## Microprocessor Systems

Dr. Gökhan İnce

# Topics

- Central Processing Unit Structure
- Instruction Format

# 4

### Central Processing Unit

- CPU is the fundamental execution/processing unit of the computer
- CPU consists of ALU, Control Unit, and Registers
- CPU is characterized by:
  - Clock frequency
  - Speed
  - Data bus width
  - Instruction set
  - Addressing capability
  - Addressing capacity



### Internal Structure of CPU





#### Intel 4004

- in 1971, commercially available single-chip microprocessor
- 12 bit address bus
- 4 bit data bus

#### **CPU Elements**

- Memory Address Register (MAR)
- Memory Data Register (MDR)
- Arithmetic and Logic Unit (ALU)
- Accumulator (ACC)
- Condition Code Register (CCR)
- General Purpose Registers (C, D, H, L ...)
- Program Counter (PC)
- Instruction Register (IR)
- Instruction Decoder
- Stack Register (Pointer) (SP)
- Index Register (IX)
- Control Unit (CU)



### **CPU Components**

- Memory Address Register (MAR) stores the memory address from which data will be fetched to the CPU or the address to which data will be sent and stored.
- Memory Data Register (MDR) contains the data to be stored in the computer storage (e.g.

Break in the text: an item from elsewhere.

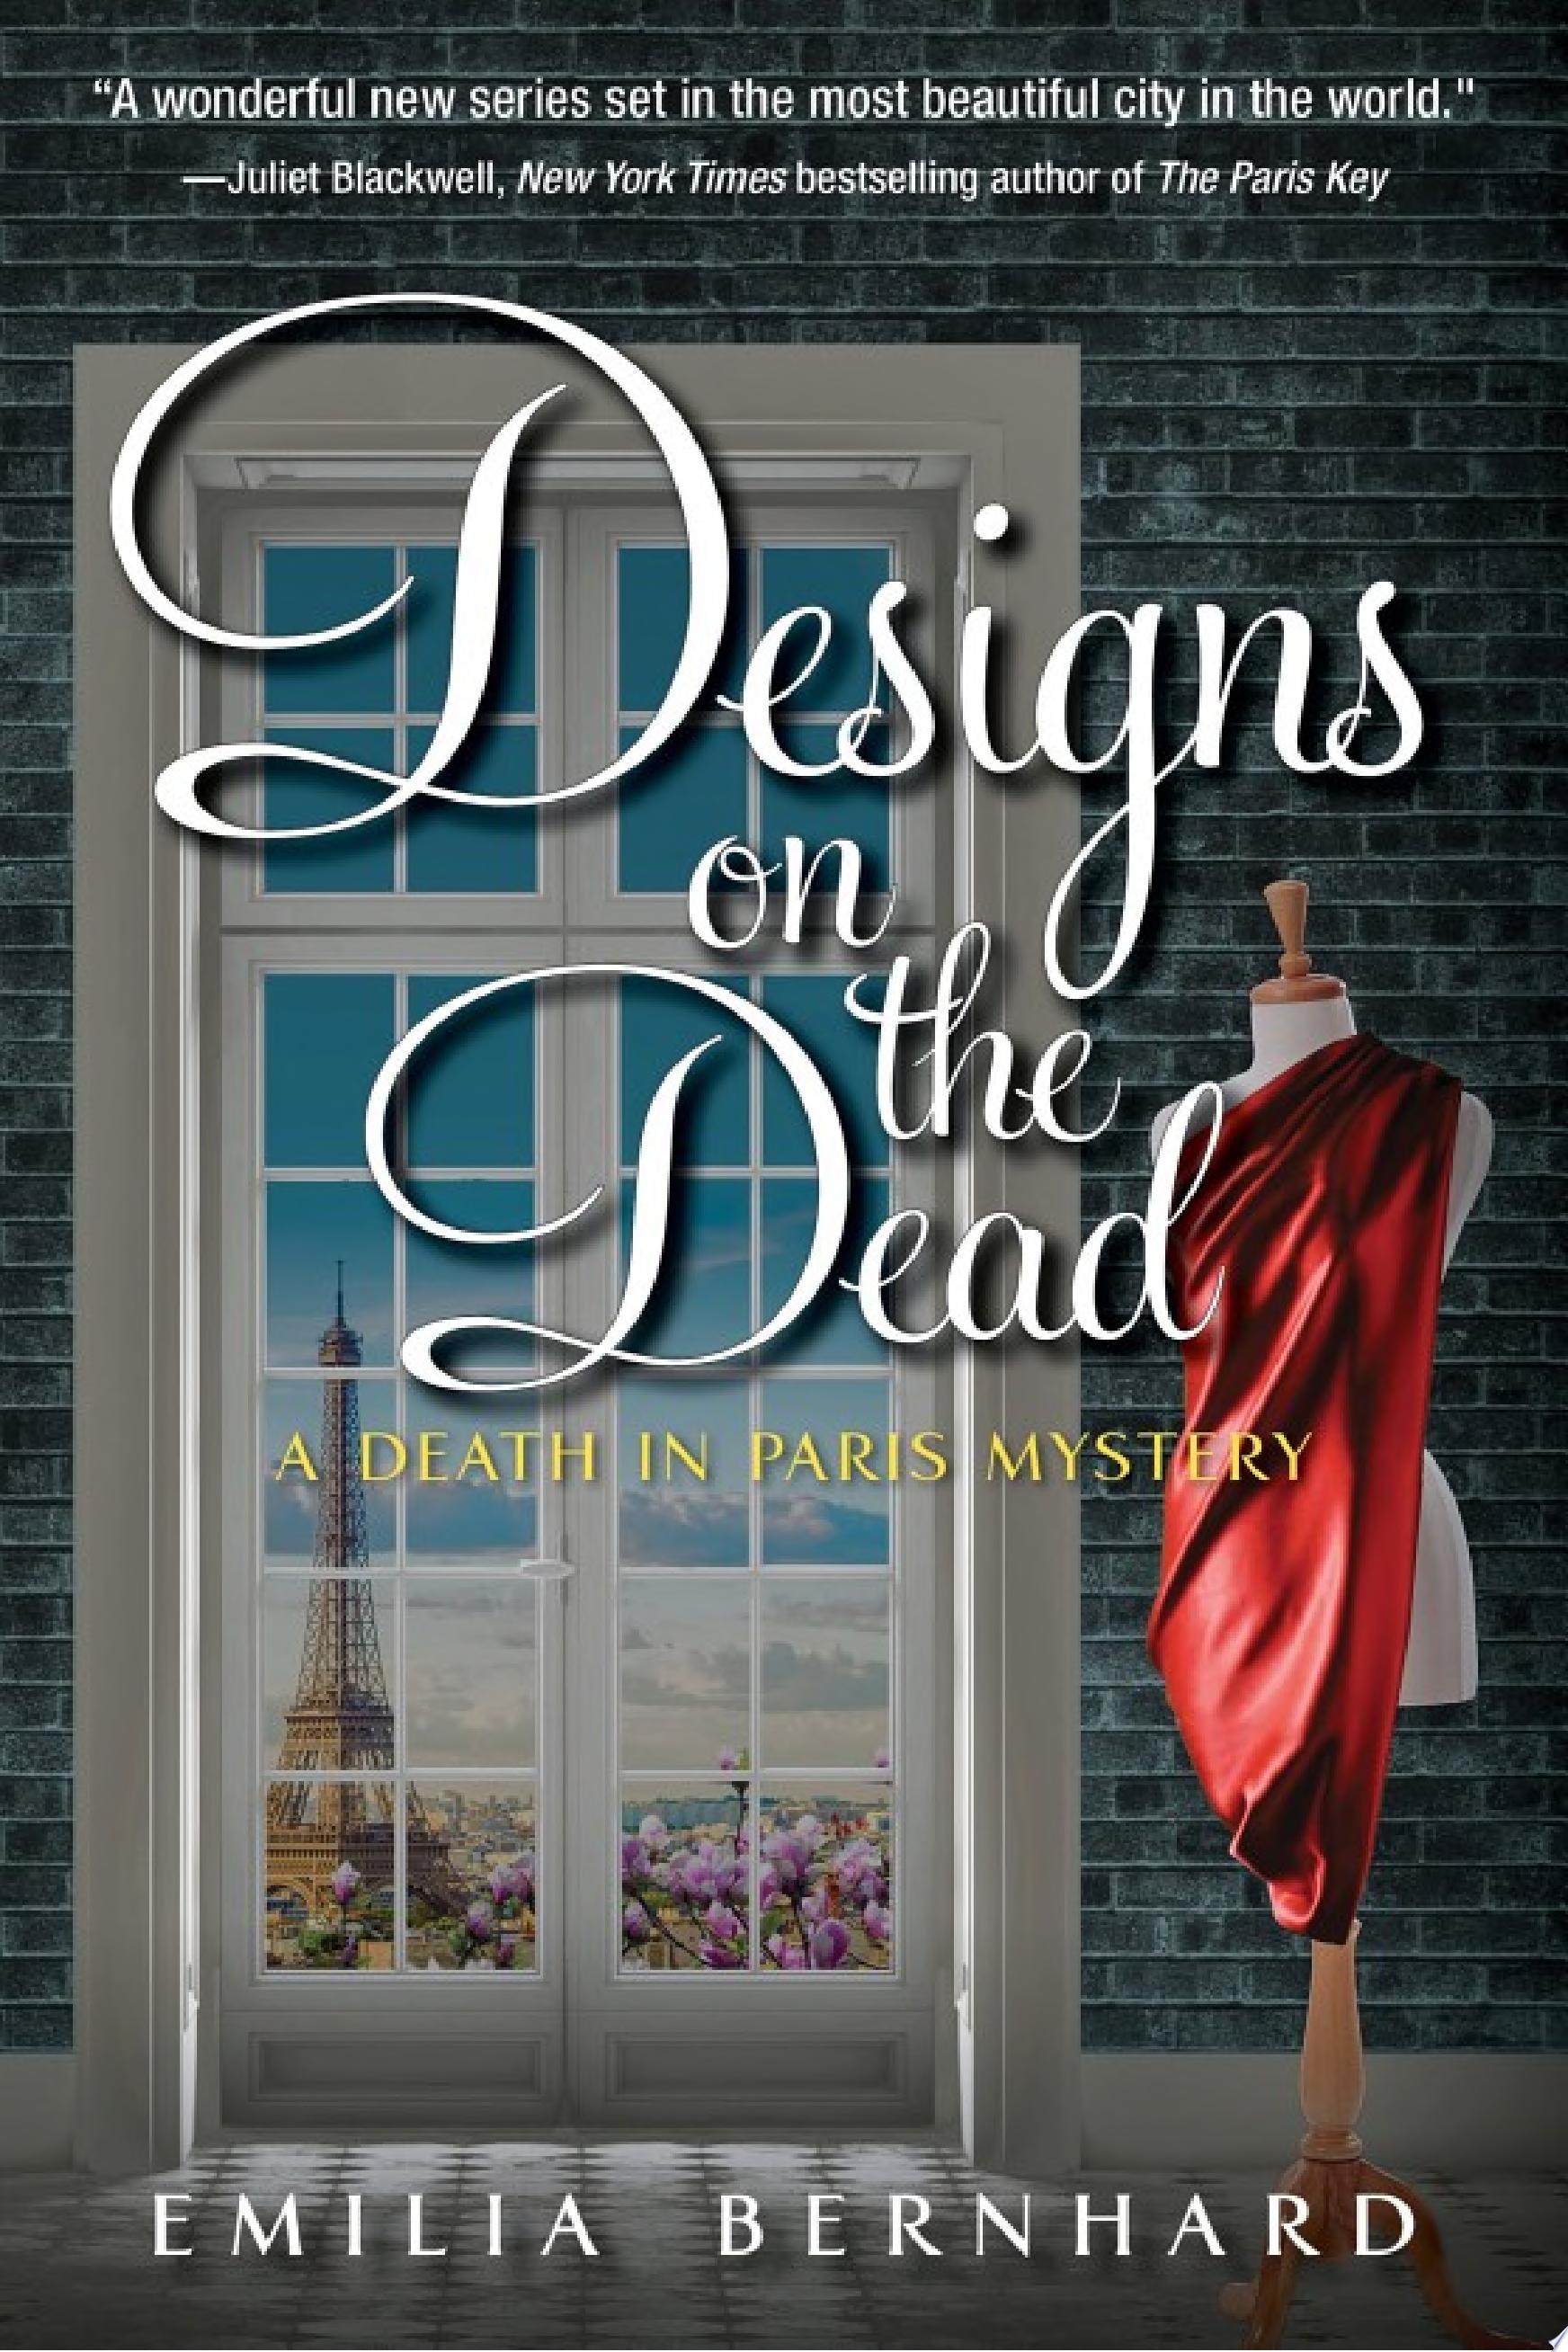 Image for "Designs on the Dead"
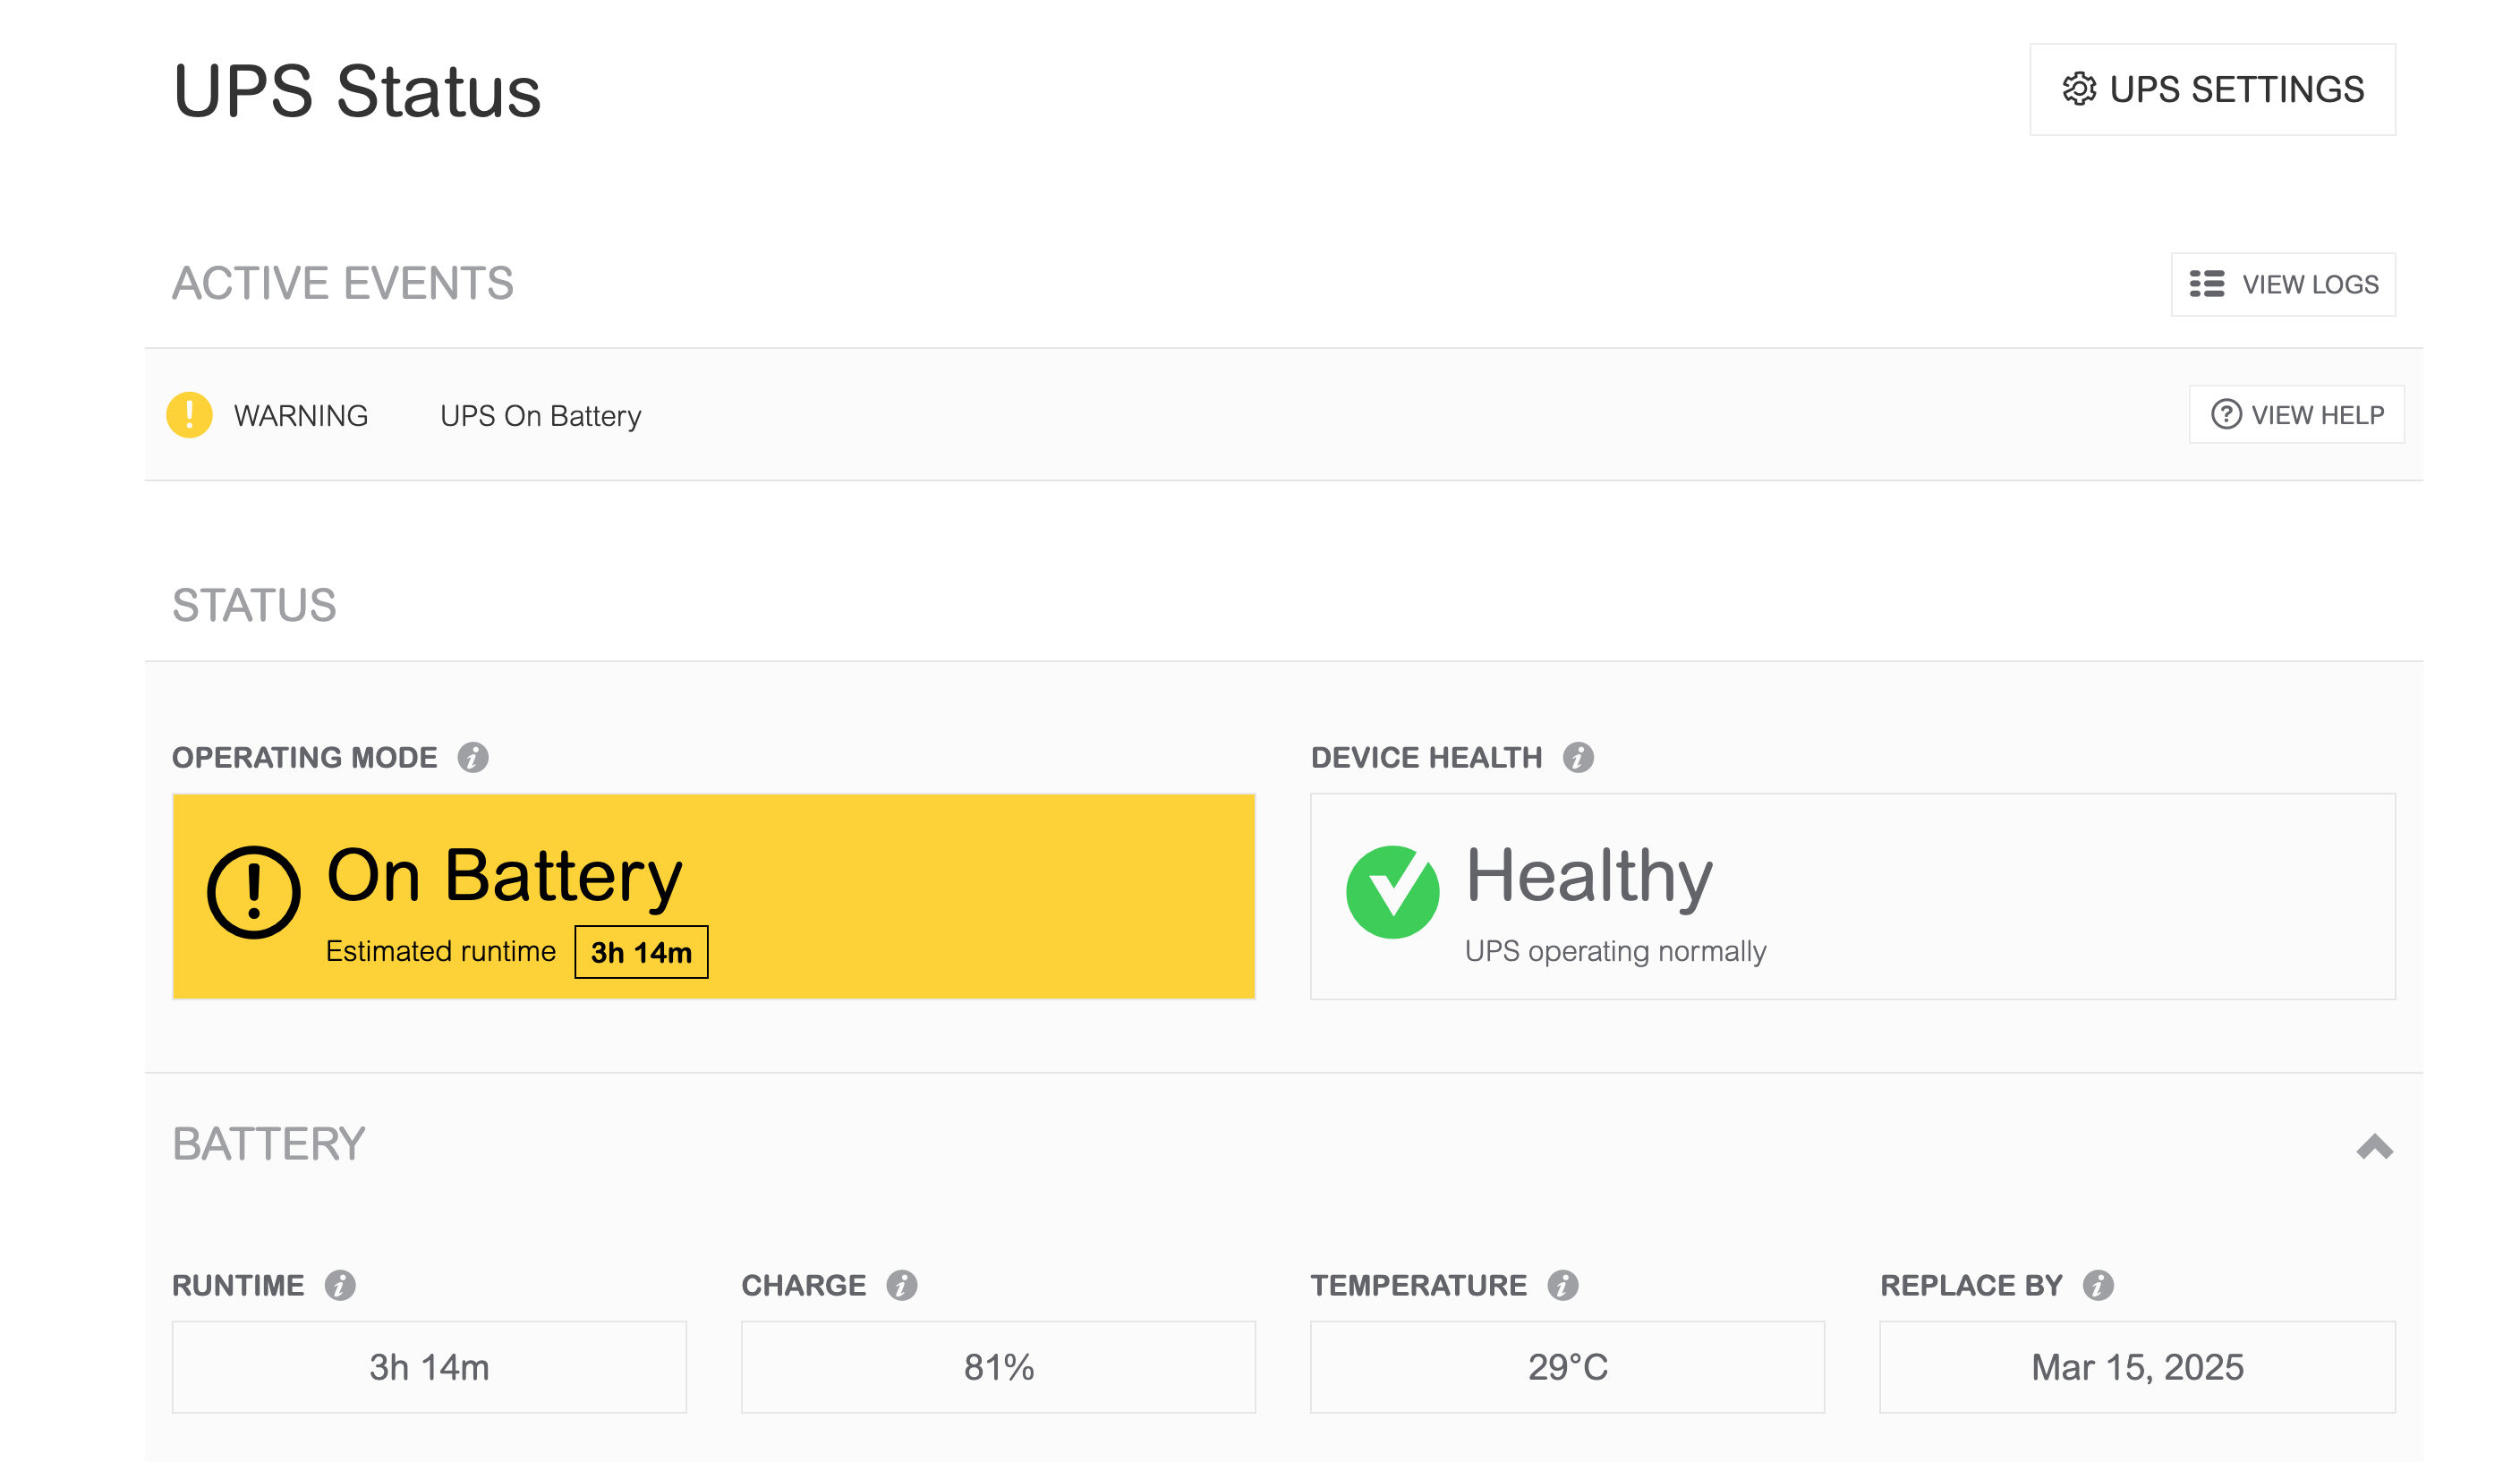 The UPS's warning status showing via the "cloud enabled" feature on APC's website when the UPS is in battery mode

RAM), or the data after a fetch from the computer storage.
- Accumulator (ACC) may contain data to be used in a mathematical or logical operation, or it may contain the result of an operation.
- General purpose registers are used to support the accumulator by holding data to be loaded to/from the accumulator.
- Arithmetic and Logic Unit (ALU) performs all arithmetic and logic operations in a microprocessor

### Arithmetic Logic Unit

- ALU has two inputs (A, B) for the operands and one input for a control signal that selects the operation
- Operation and Shift control bits determine, which type of operation to perform (F)
- Output is the result of operation (R) and status information (D)
- Status information is used to indicate cases
  - Zero: if all result lines have value 0
  - Overflow: integer overflow of add and subtract functions
    - for unsigned integers, it does not provide any useful information



### Condition Code Register

- Depending on the outcomes of Arithmetic or Logical operations, we can branch and jump
- The eight-bit Condition Code Register (CCR) provides a status report on the ALU's activity
  - Carry/Borrow
  - Half carry from bit 3 to bit 4
  - oVerflow
- CCR also provides a status report after loading ACC
  - Zero
  - Negative



### Condition Code Register (Flag Register)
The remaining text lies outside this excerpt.